What I was going for was make a quick fix that filled up the higher levels with more useful abilities, or rather more useful versions of current abilities.

EDIT: Actually, on the note of dancing, they could have quite easily made defensive roll based on a perform dance check instead of a reflex save. The second ability you came up with made me think of that

Dsurion
2012-03-28, 01:52 AM
The shadowdancer is a rather weak class as it is, and I'm trying to give it some more appeal beyond the 2nd or 4th level for a player in my campaign. I've given her the option of 3 potential changes to the class.If you loosen the prerequisites (lose the feat requirements, possibly aside from Combat Reflexes, lose the Perform skill ranks) it's easier to get into without hating yourself.
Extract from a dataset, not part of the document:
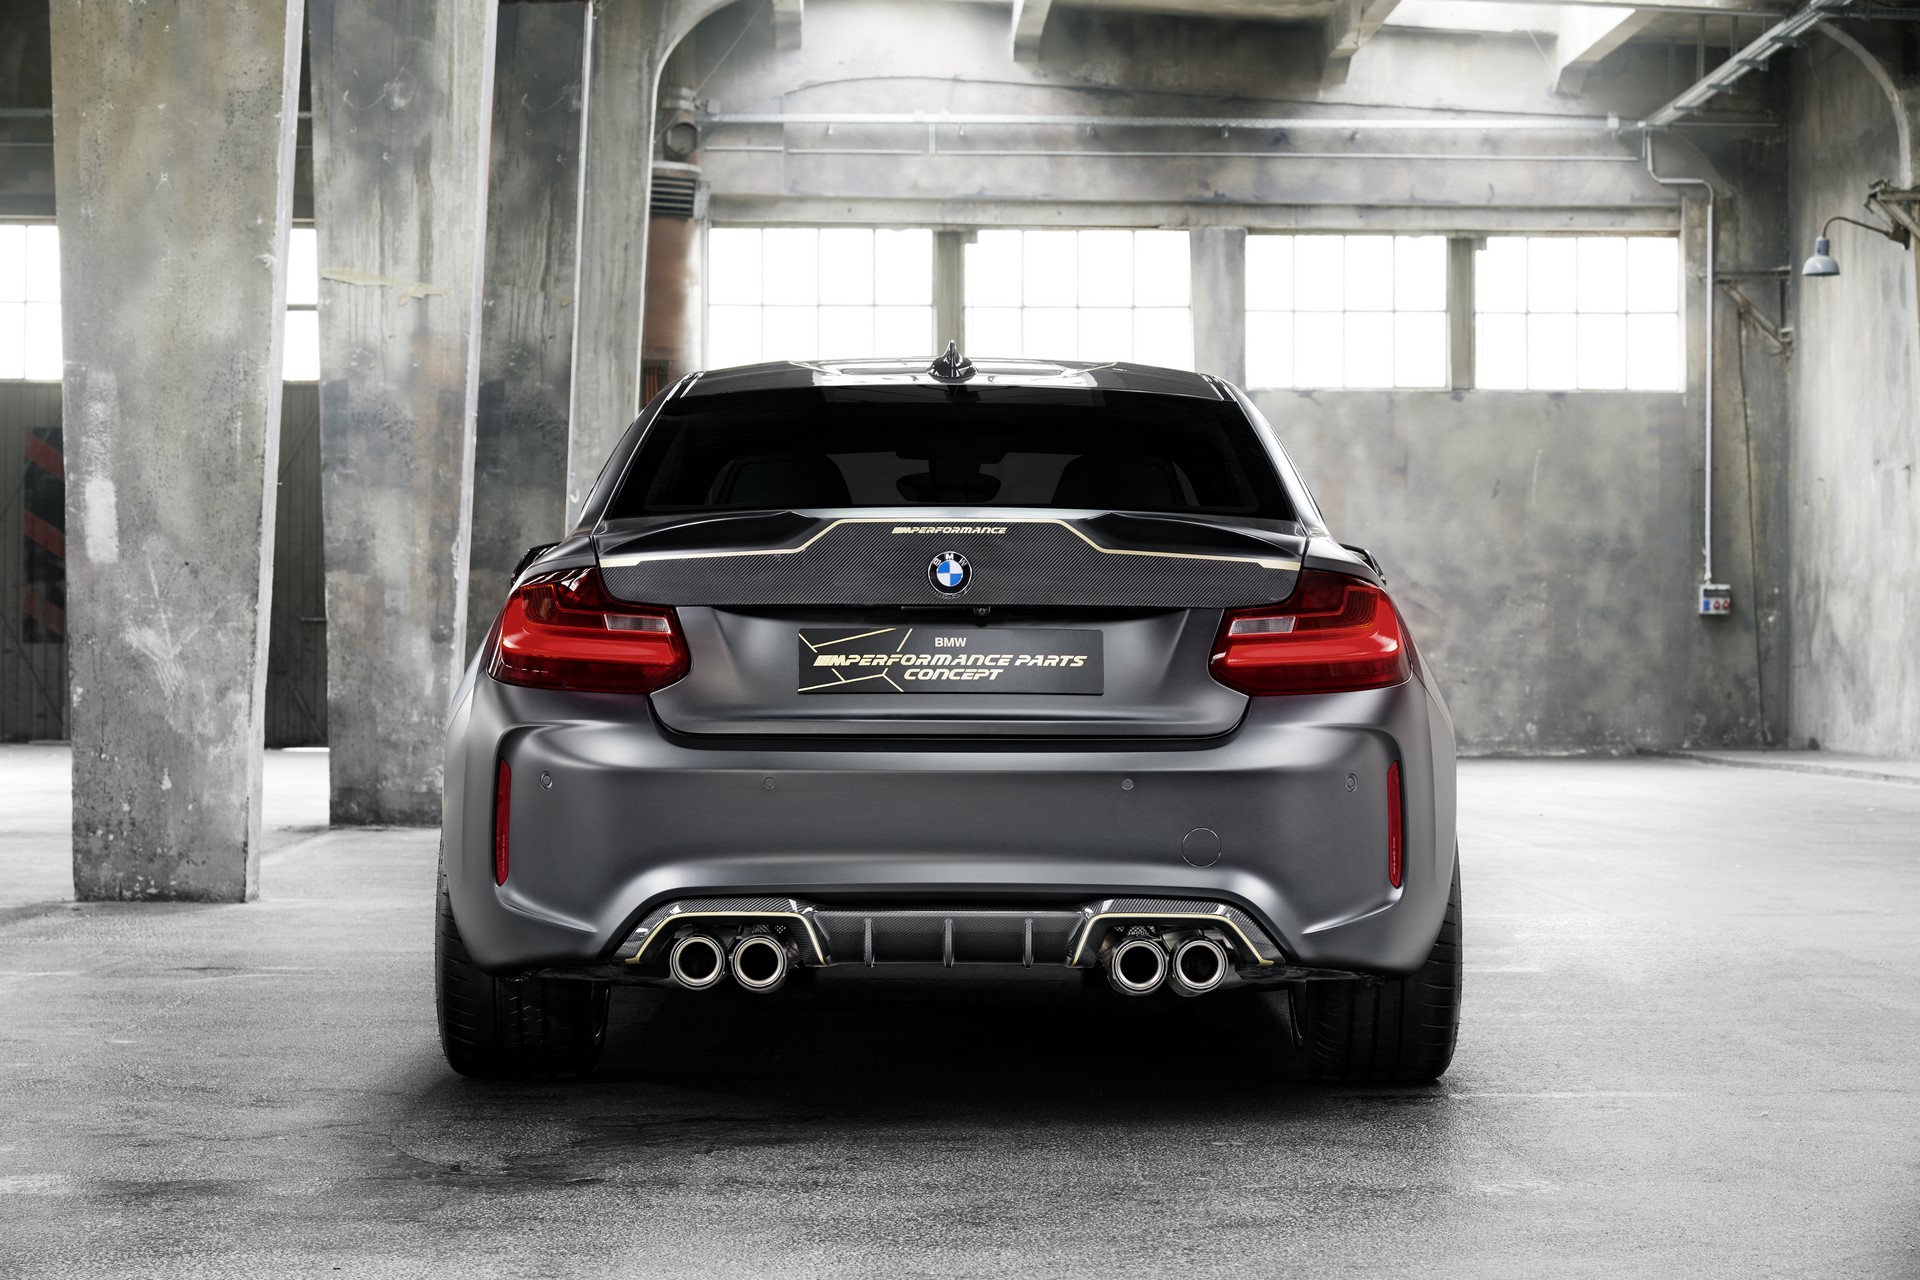 BMW-M-Performance-Parts-Concept-4.jpg

Honestly, I think a lot of the problem is that the class tries to stretch to little over 10 levels. What I would do, personally, is:

1. Darkvision, Hide in Plain Sight, Shadow Jump
2. Evasion, Summon Shadow, Uncanny Dodge
3. Defensive Roll, Shadow Illusion
4. Improved Uncanny Dodge, Improved Shadow
5. Improved Evasion, Improved Shadow

Change Shadow Jump to be 10-20 ft./level (depending on taste), unlimited use.

ericgrau
2012-03-28, 12:37 PM
The thing is the class seems to be best at scouting so the pre-reqs are useful to those characters, especially the ones that don't enter with tumble and sneak attack. It also encourages related tactics like whittling foes down with hit and run including strength damage. People, especially the 99% of PCs in unorganized parties, get annoyed because all they want is hide in plain sight on their rogue but don't see any point to the rest of the class for a rogue.
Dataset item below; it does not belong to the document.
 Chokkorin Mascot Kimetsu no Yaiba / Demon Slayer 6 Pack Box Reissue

So it's a really narrow class with barely enough payback to make it worth it in that narrow purpose. Back to the OP's idea, I'd give the option of doing all 3 of what you listed. Every X levels let the player choose to advance one of those. The classic shadowdancer can advance the companion slightly faster for more feats (like spring attack). Or the frustrated rogue can now have his sneak attack. Or the mobile guy can get better dimension doors.

Due to that triple purpose you might also allow other optional pre-reqs instead of the normal ones, while also keeping the normal pre-reqs as an option. Maybe replace mobility with "mobility or 10 ranks in tumble".

Yitzi
2012-03-28, 05:45 PM
The shadowdancer is a rather weak class as it is

Depends how you play it and what else is available. If the DM doesn't allow any splatbooks that allow an earlier HiPS, and you're playing with a defensively oriented (or better yet, solo) party, it can be quite nice (i.e. max out your hide score and you've got what's close to Superior Invisibility by level 8).

Shadows can also be useful if used well.